帐子外的阿诗勒隼,担心白煜身体,避着他人潜伏在白煜的帐子外,透过弥弥离开时掀起的帐帘,关心着白煜。
眼见她从弥弥离开时的运筹帷幄,到对弥弥的怜惜,以及最后的茫然无措,种种皆在无人之时脸上才会多姿多彩。
煜儿她就像是天边的月亮,有时感觉可以捞起这轮水中月,有时有感觉远在天边一般遥不可攀。
她动情了,心上人是在中原化名为秦准的阿诗勒隼,这两个人她分的清清楚楚。
在她心中,她的心上人阿准死在了㮶州开城献降那日,她的感情也随着自己面具的摘下跟随者秦准消失不见。

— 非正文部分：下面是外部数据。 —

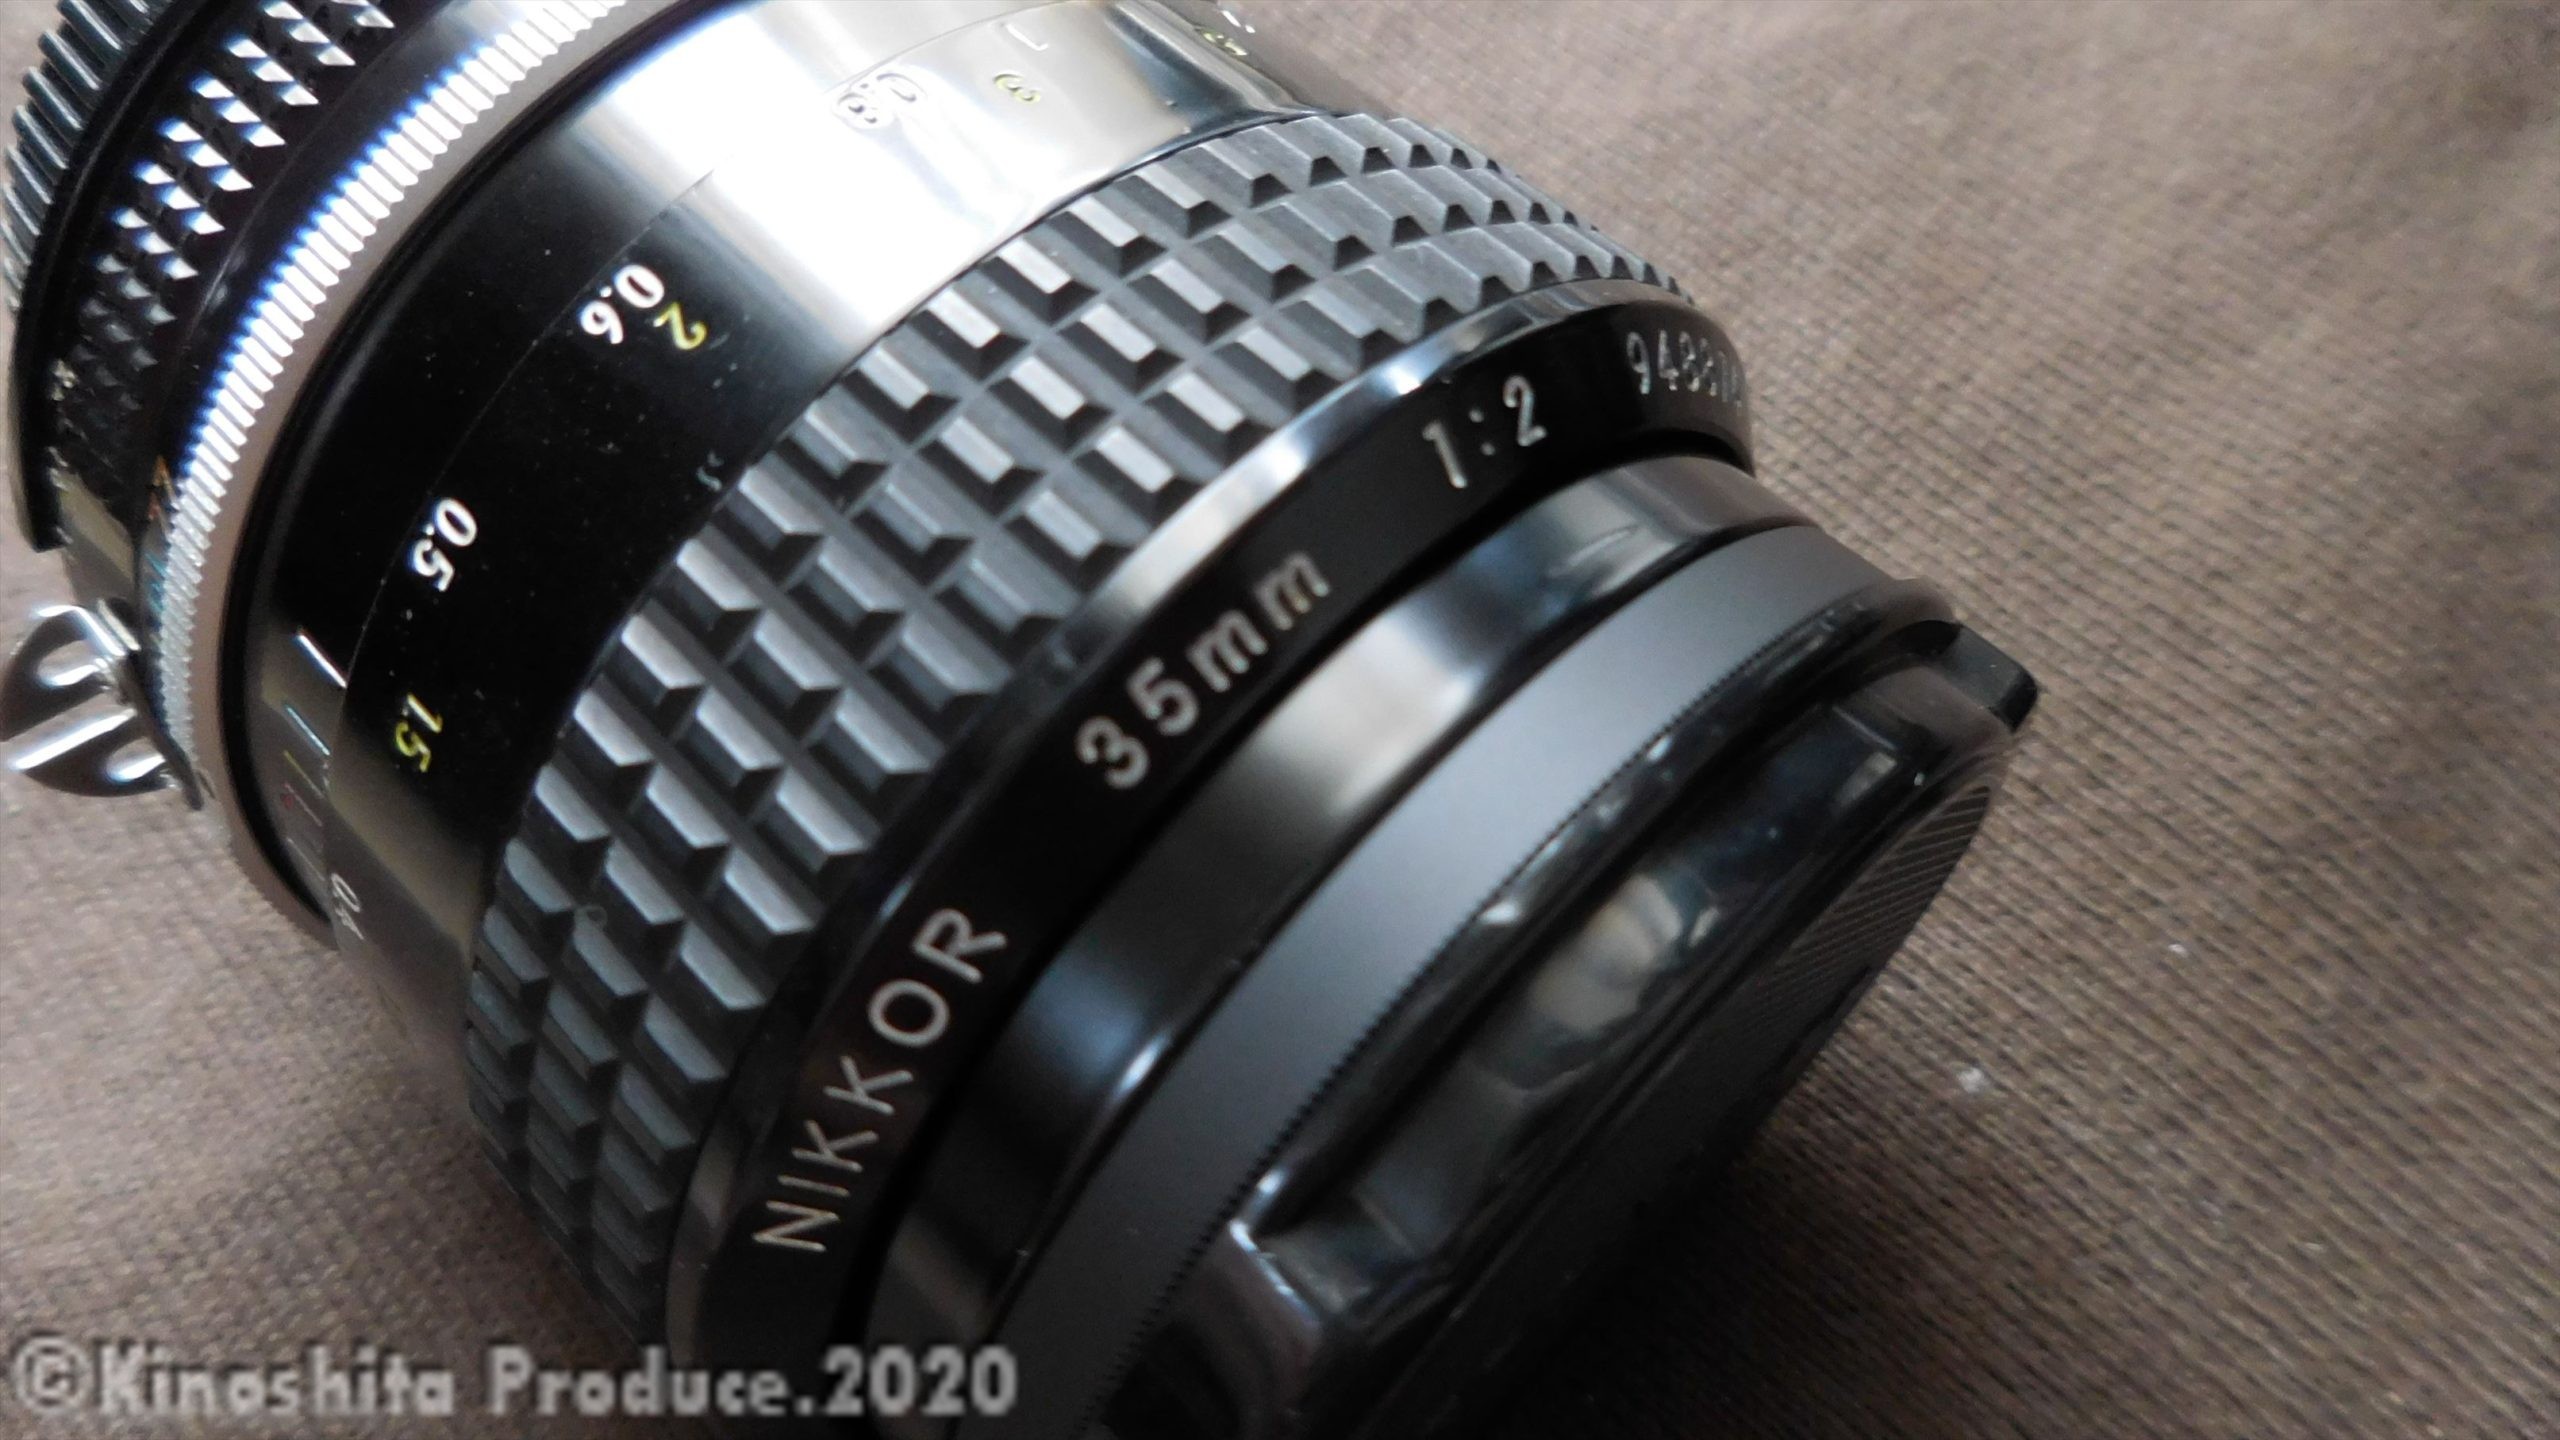 Nikon オールドマニュアルレンズ Ai Nikkor 35mm f/1.4S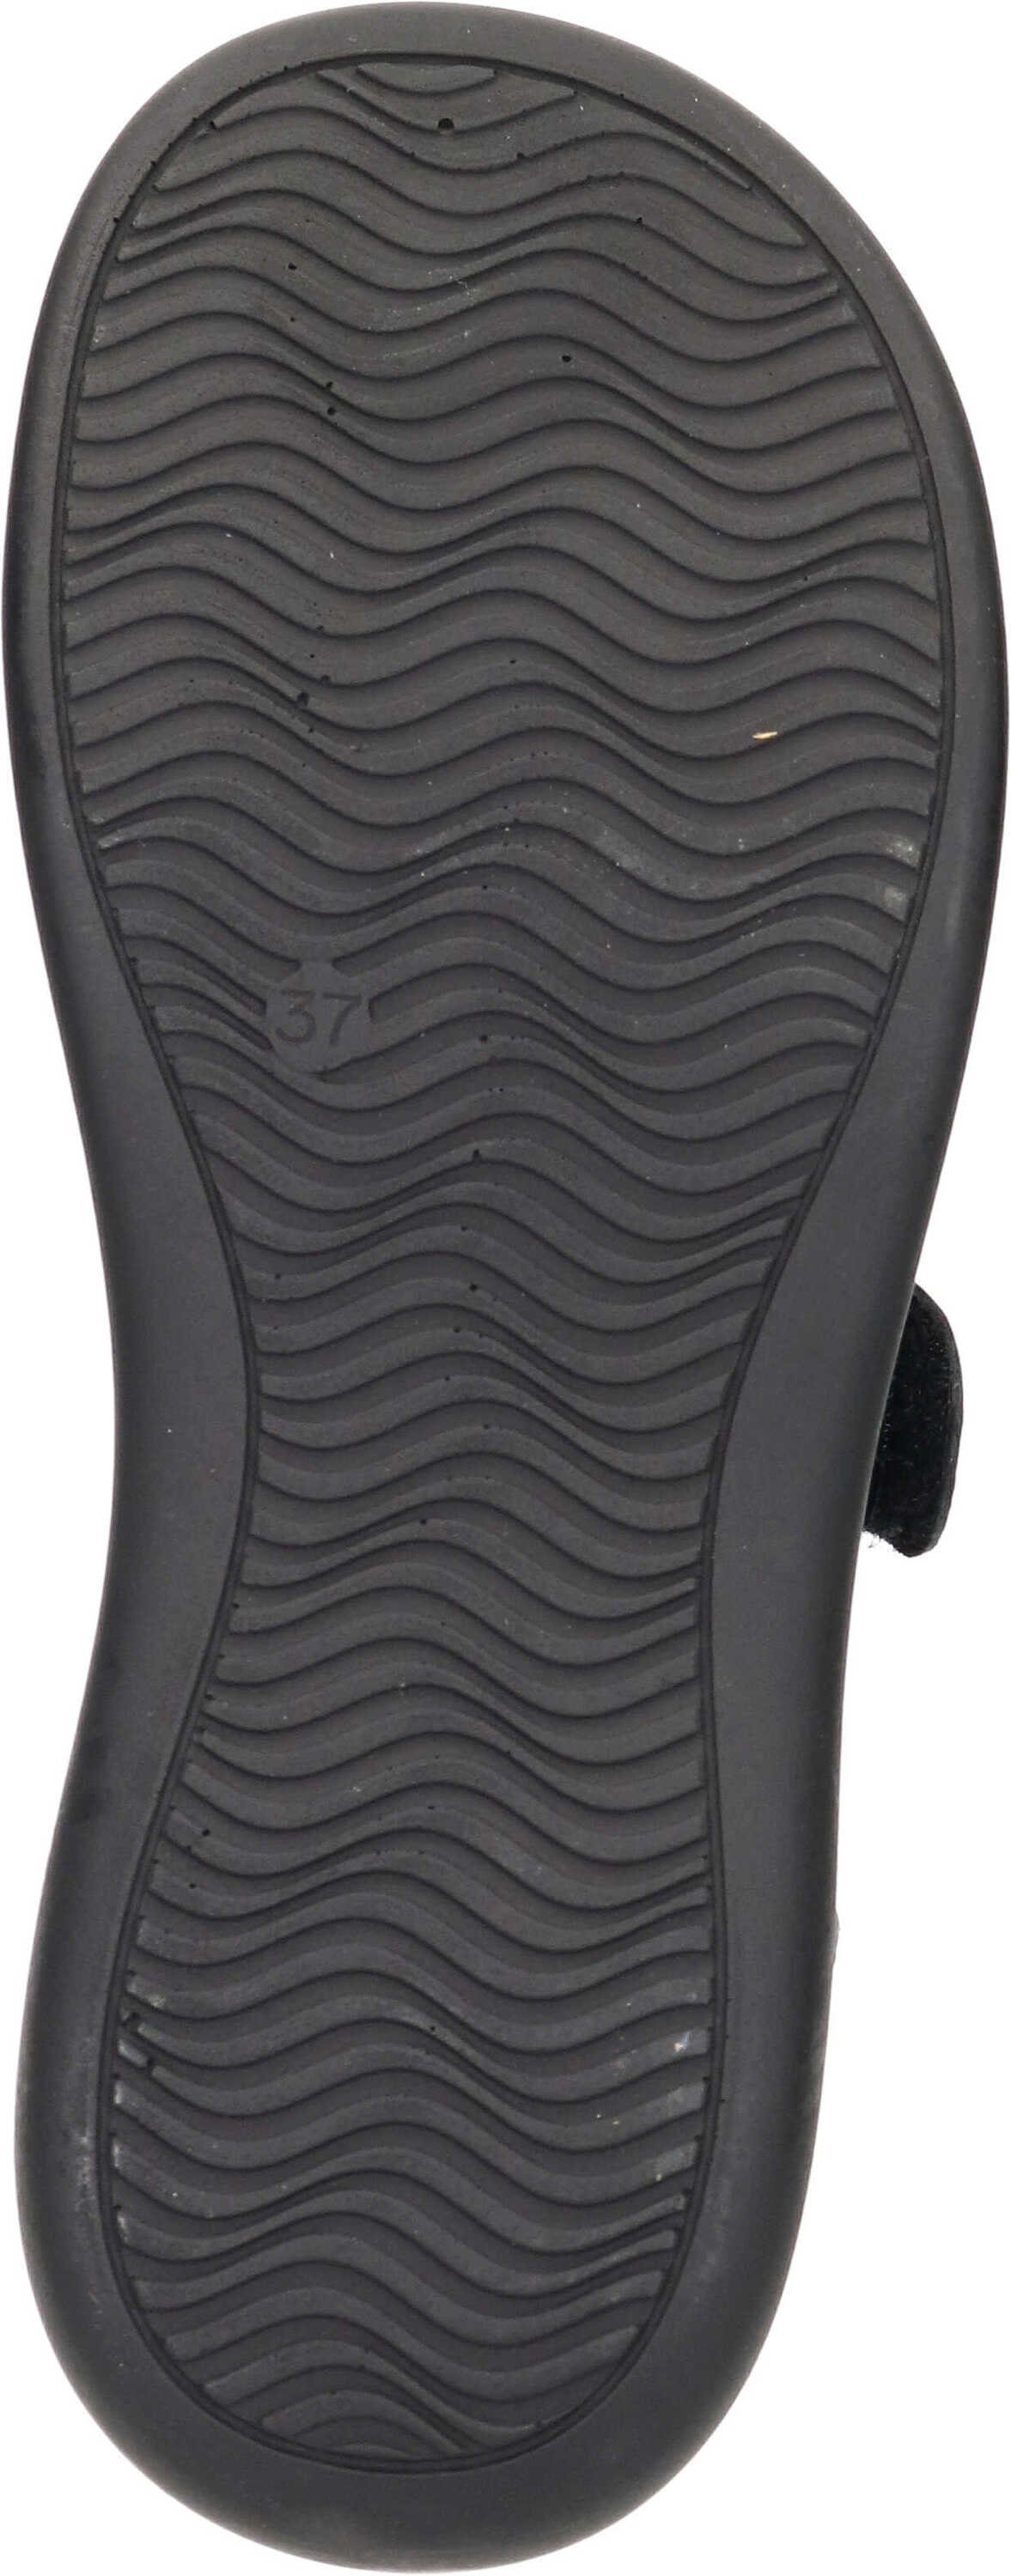 Comfortabel Klettschuhe Klettschuh aus echtem Leder schwarz

这些他都知晓,他喜欢她,他们草原人喜欢上一个女子就要对她好,保护她!
可她……
横亘在两人中间的是㮶州献降那日的欺瞒,她的愤怒、委屈,他都知晓,可他不希望她就这么死了,哪怕她恨他也好,只要她还有活下去的动力就好,一切委屈他都不在乎。
从他阿诗勒隼认识她到现在的时间里,她所有受过的伤都是在自己眼皮子低下。
第一次在岸边捡到她,恐怕那时得那只箭就已经伤到了她的心脉了……
第二次幽州的客栈,崴脚险些从房顶滚落到地面上,若非是自己接的及时,后果不堪设想……
第三次㮶州城楼,他与她的对垒,自己只是先让她昏迷过去,并未想要她的性命,他的那支箭虽射中她的伤口,可在他不知情的情况下又一次伤到了她的心脉。
第四次㮶州开城献降,公孙恒的死,种种交织在一起,㮶州那些百姓将所有的愤怒全部都发泄在她的很伤,额头的青紫,伤口的崩开,都在自己眼前发生……
第五次是在草原,青丝的发作让她险些失了理智,拔了自己的刀也要保持自身清醒,索性刀入的不深,并无性命之忧,也多亏此次,自己才知两次中箭伤的均在心脉,也知晓她为了李唐皇帝的放心服下青丝,更是这次知晓她的心上人是化名秦准的阿诗勒隼。
他希望她不在受伤,更希望她能给与他一个回应,可这些都没有,她将自己的心上人和阿诗勒隼分的清清楚楚。
自己何尝不晓得这是她对自己当时无能为力的愤怒,可他阿诗勒隼㮶州一战赢得堂堂正正,㮶州必败她又何尝不知晓,战场输了便是输了,他阿诗勒隼无愧!
可煜儿她……为何还不明白,阿诗勒隼和秦准都是同一个人,阿诗勒隼也想做商人秦准,可鹰师的老弱妇孺,还有他的兄弟们,以及王帐为质的阿娜,他想保护所有人,可大可汗的猜忌,死对头的掣肘,种种一切自己已然是寸步难行。
王帐中没有人相信他重情重义,更没有人愿意相信——他从来没有对汗位有过企图,自己征战沙场十多余年的忠心,换不来可汗安心。